Он слишком уставал в последнее время. Слишком много беготни, много нервотрепки, особенно с этим переездом. Из клиники неожиданно исчезал то один, то другой специалист. Григорию и остальным оставшимся приходилось вечно кого-то подменять, перестраивать свой режим, оставлять работу на вечер…
Наскоро перекусив в ночном кафе, он обычно приходил домой, звонил Светлане v, смущенно комкая слова, говорил, что не осталось никаких сил. Потом сразу засыпал.
Светлана уже не обижалась. Только с грустью говорила, что зря ждала целый вечер. Оба ждали, когда придут более легкие времена.
— Я здесь слишком много стал пить, — сказал Григорий.
— Ты? — рассмеялся Донской. — Ты пьешь, как ягненок. Вот остальные — те действительно хлещут…
Он сидел, скорчившись в кресле, и безучастно смотрел в окно. В руках плясала пустая рюмка. Разговоры не клеились, да и не было в них особой нужды. Словно бы встретились два человека лишь затем, чтобы напиться и помолчать, думая о своем.
— Почему? — сказал Григорий. — Почему они хлещут? Люди пьют от безденежья, от безнадеги, от бездарности, наконец. Почему мы пьем?
— От страха, Гриша, — вздохнул Донской. — Слишком страшен мир, в котором мы живем. Именно мы.
— Разве? Я думал, у нас самое безопасное место в мире.
— Эх, Гриша… — горестно сказал Донской. — Жалко мне вас всех. И тебя мальчика с чистыми руками, который залез в наше гнилое болото. И хирурга Коровина, который сам себя ненавидит и свои руки за то, что уродуют людей, а не лечат.
— А себя — жалко?
— А себя — больше всех. Но это совсем другая история, другая печаль. Ты обо мне не думай. Я от тебя очень далеко — от твоих забот, от твоих радостей… А помнишь, как мы с тобой спорили — платная жизнь, бесплатная смерть?
— Хорошо помню.
— Ты еще мучаешься?
— Я мало стал об этом думать.
— А я, представь себе, много. Может, прав ты тогда был? Наверно, прав. Но жить с этим нельзя, и думать так нельзя.
— Я не очень тебя понимаю. Что нельзя?
— Нельзя думать, что мы — продавцы жизни. Жрецы второго шанса.
— Я давно так не думаю.
— Я давно так не думаю. Это не тот шанс, который нужен людям. Мы же работаем не на пациента даже, а на его заказчика. Пациент — не человек, а функция.
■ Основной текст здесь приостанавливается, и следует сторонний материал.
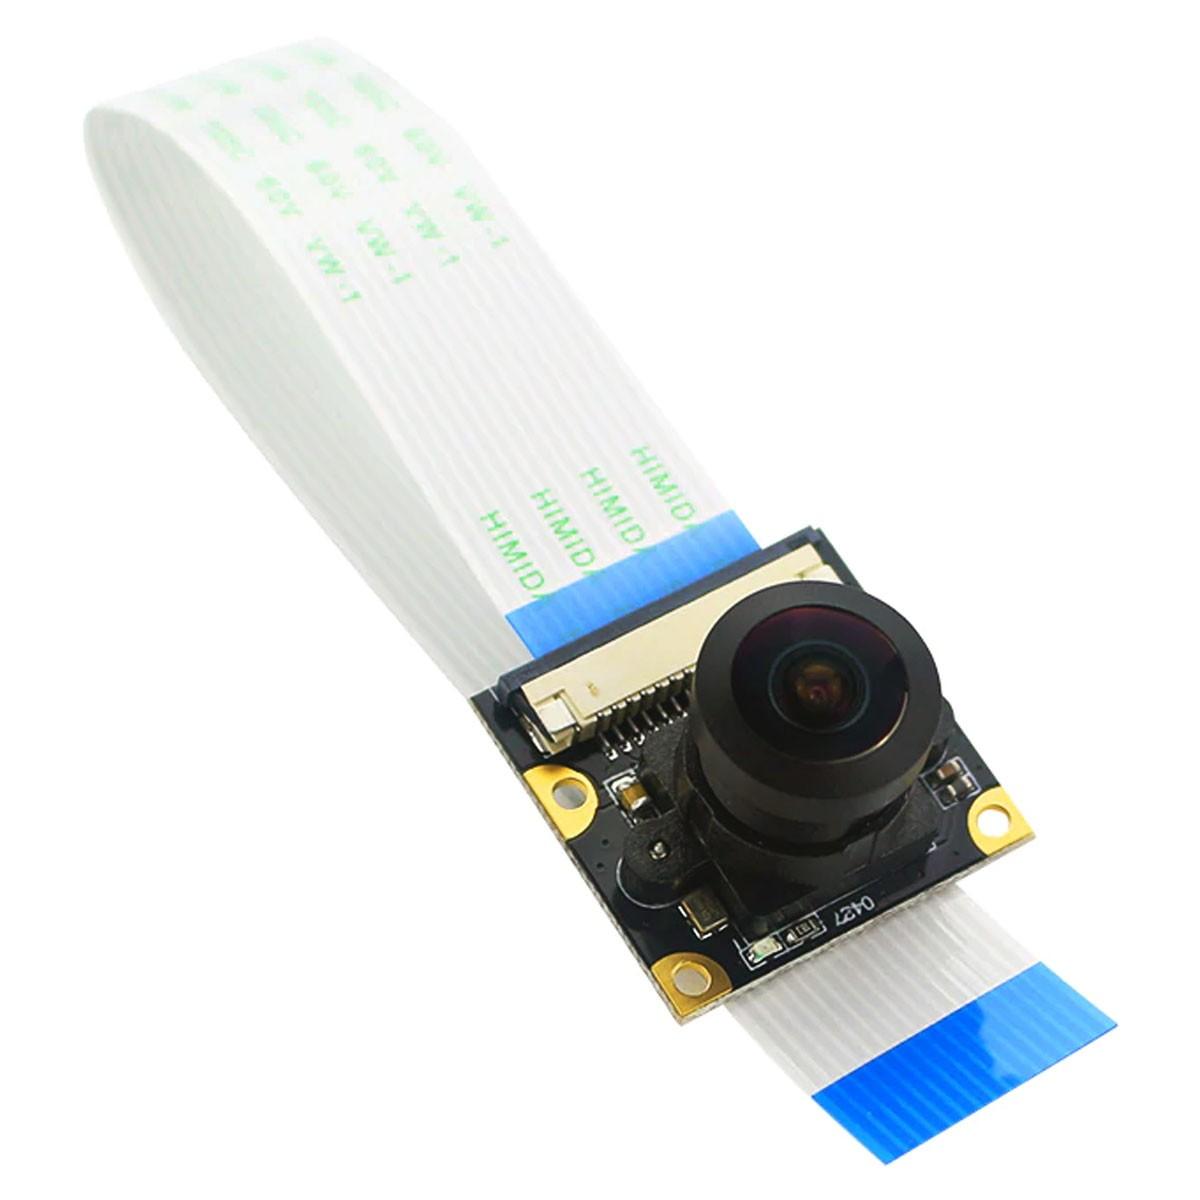 Módulo Câmera 8mp 160 Grau Imx219 Para Jetson Nano
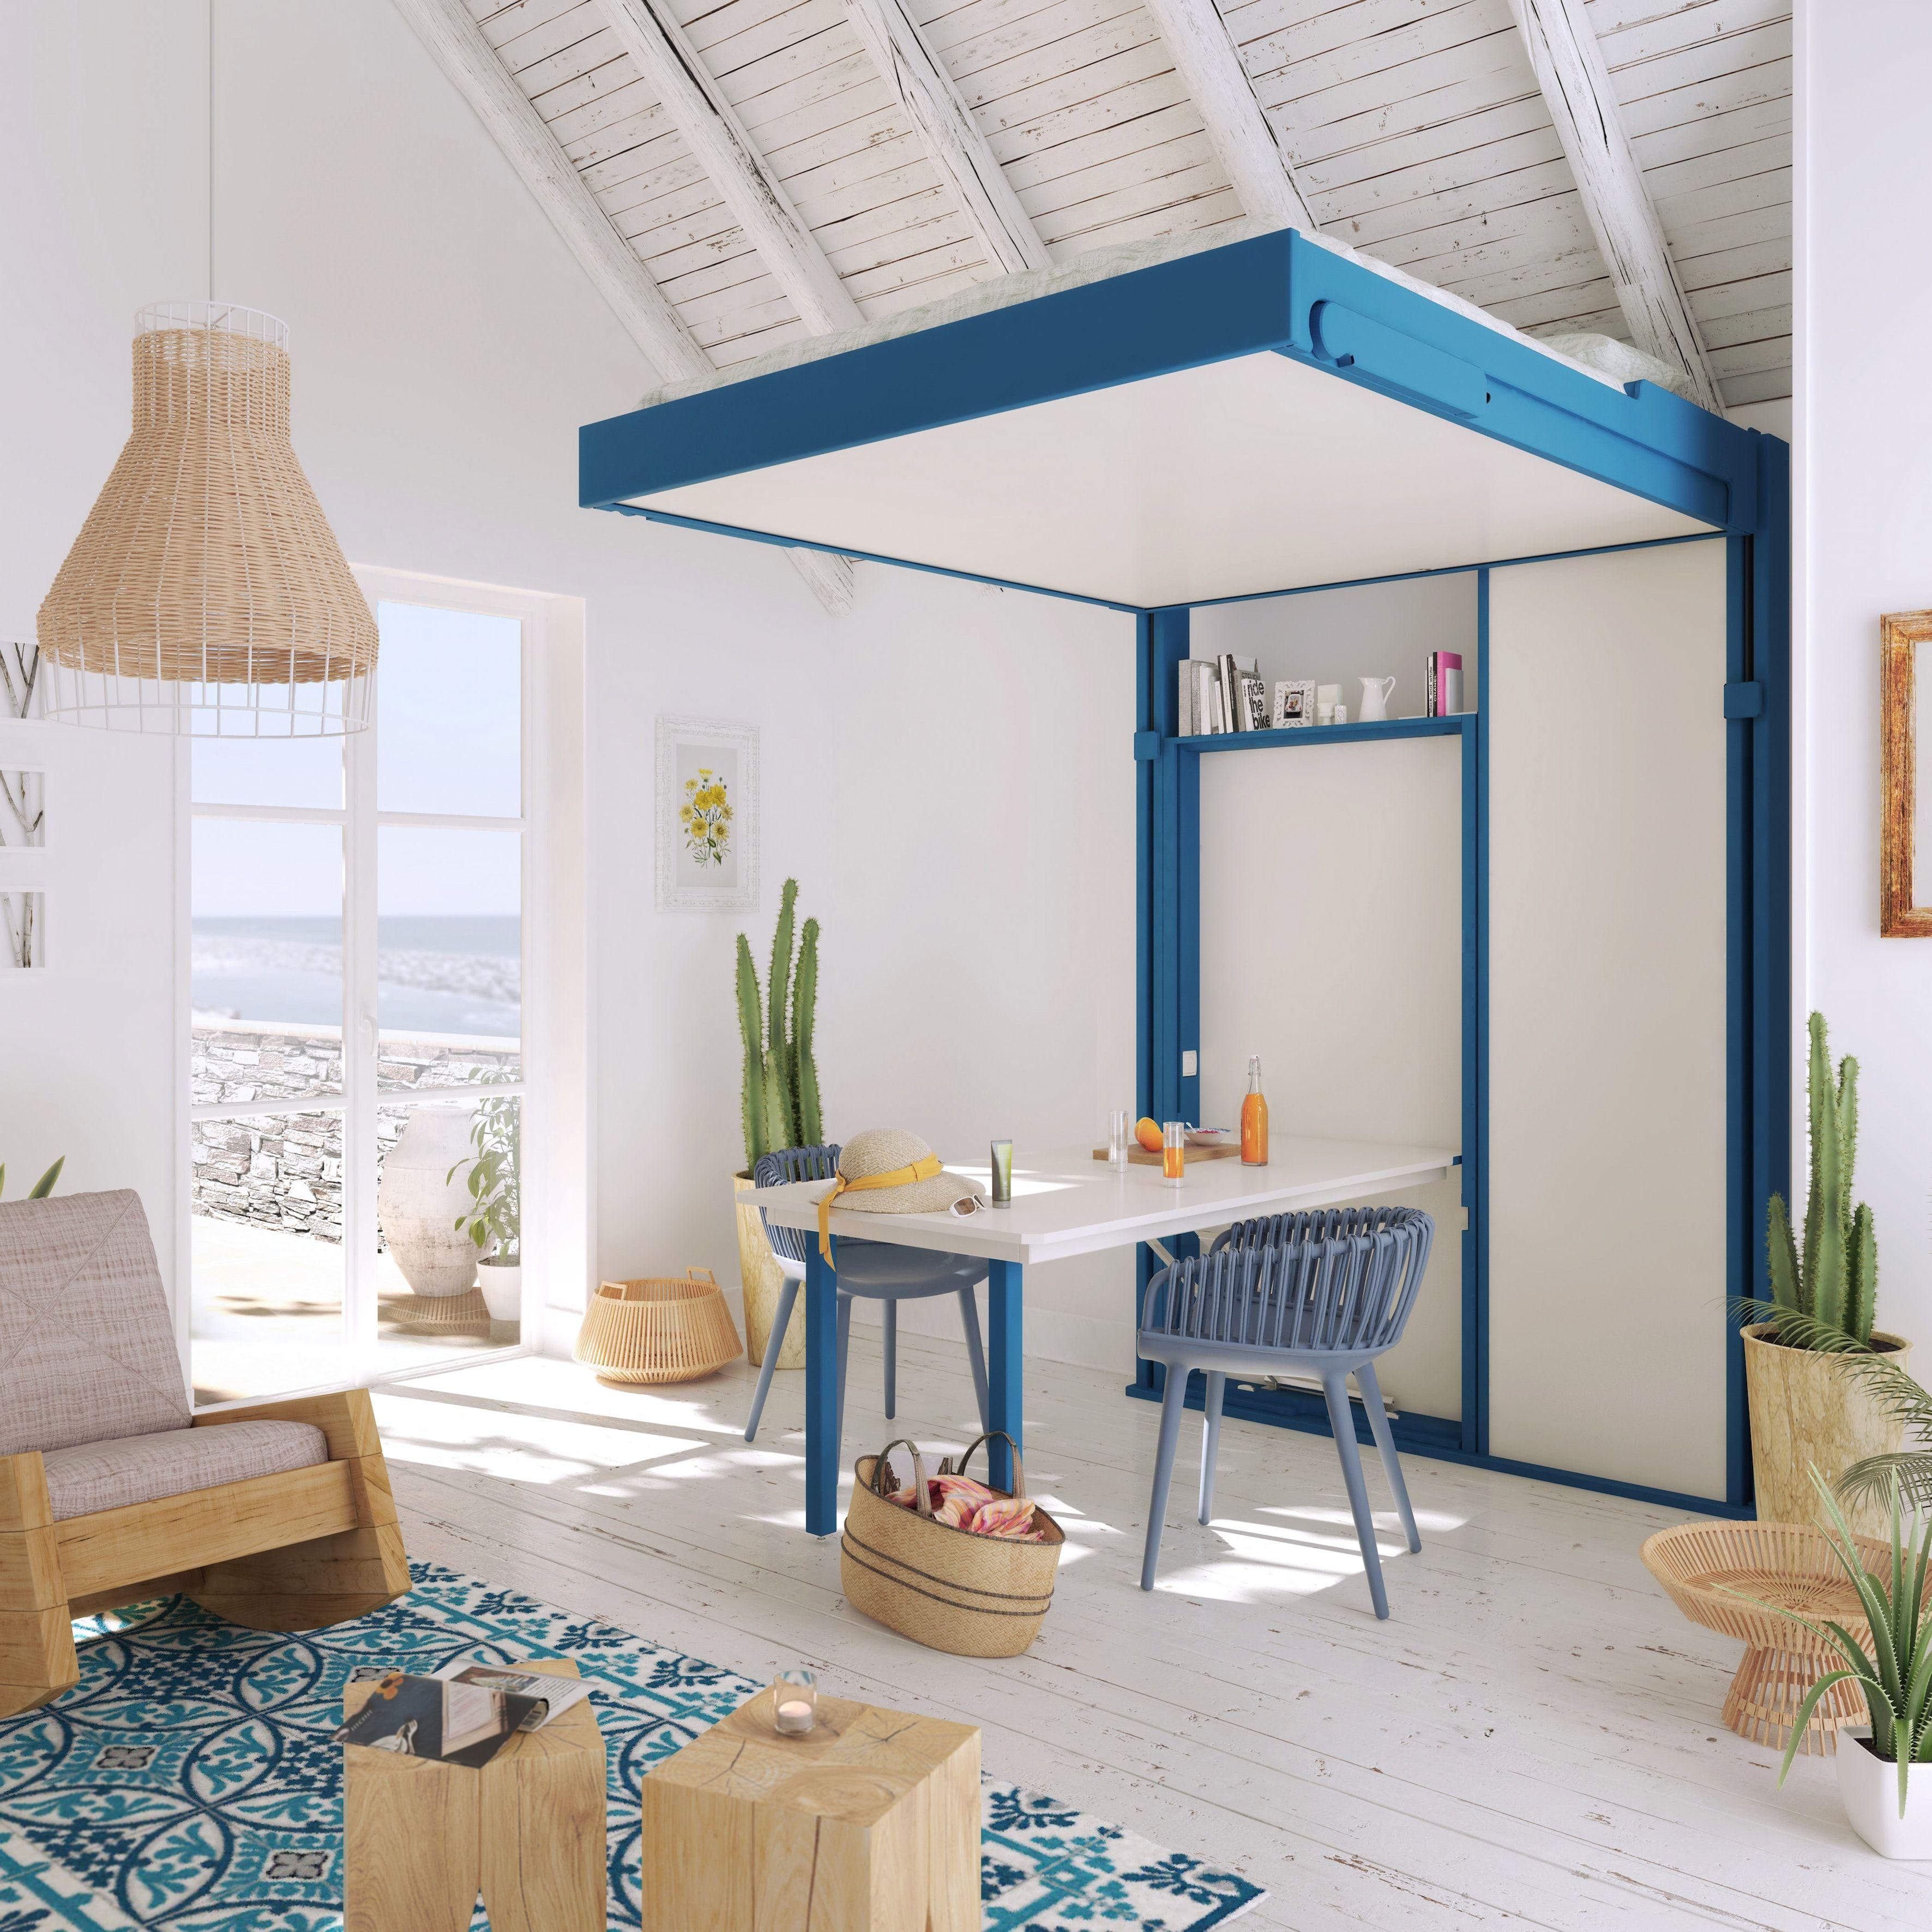 pingl par espace loggia sur lits escamotables pinterest lit escamotable espaces. Black Bedroom Furniture Sets. Home Design Ideas

— Легко так говорить, пока сам не стал такой вот функцией, — кисло усмехнулся Донской.
— Что ты имеешь в виду?
— Скажи мне, проще ли стало жить, когда тебе повесили эту медаль? Донской щелкнул по медальону, висящему под рубашкой.
Григорий ответил не сразу:
— Думаю, нет. Пожалуй, даже сложнее.
— Верно, Гриша, все правильно. Сколько ни придумано сказок про загробный мир, а человек все равно боится смерти. Это не в голове, не в сердце — это в каждой клетке. А почему стало сложнее, ты не думал?
— Не знаю…
— А я скажу. Одна жизнь — это судьба, это игральная кость, которая, легко. катится по доске. А две — это уже арифметика. Это трудность выбора. И перед каждым шагом ты думаешь: а во что мне это станет? А сколько я на этом потеряю? И ты уже не живешь, а просчитываешь, анализируешь.
— Наверно, так, — сдержанно ответил Григорий. — Мне больно думать, Гриша, что единственная наша удача — это мутант, который сейчас сладко спит в своем подвале.
— Удача?
— Но он здоров! Он готов к жизни, причем гораздо лучше, чем все мы. Как мне горько об этом думать… Да если б хоть раз из нашего инкубатора шагнул в мир сильный, открытый к жизни человек — мне было бы в сто раз веселее. И я не пил бы в одиночку, а в клубах веселился, бильярд гонял, девчонок на «мерее» катал.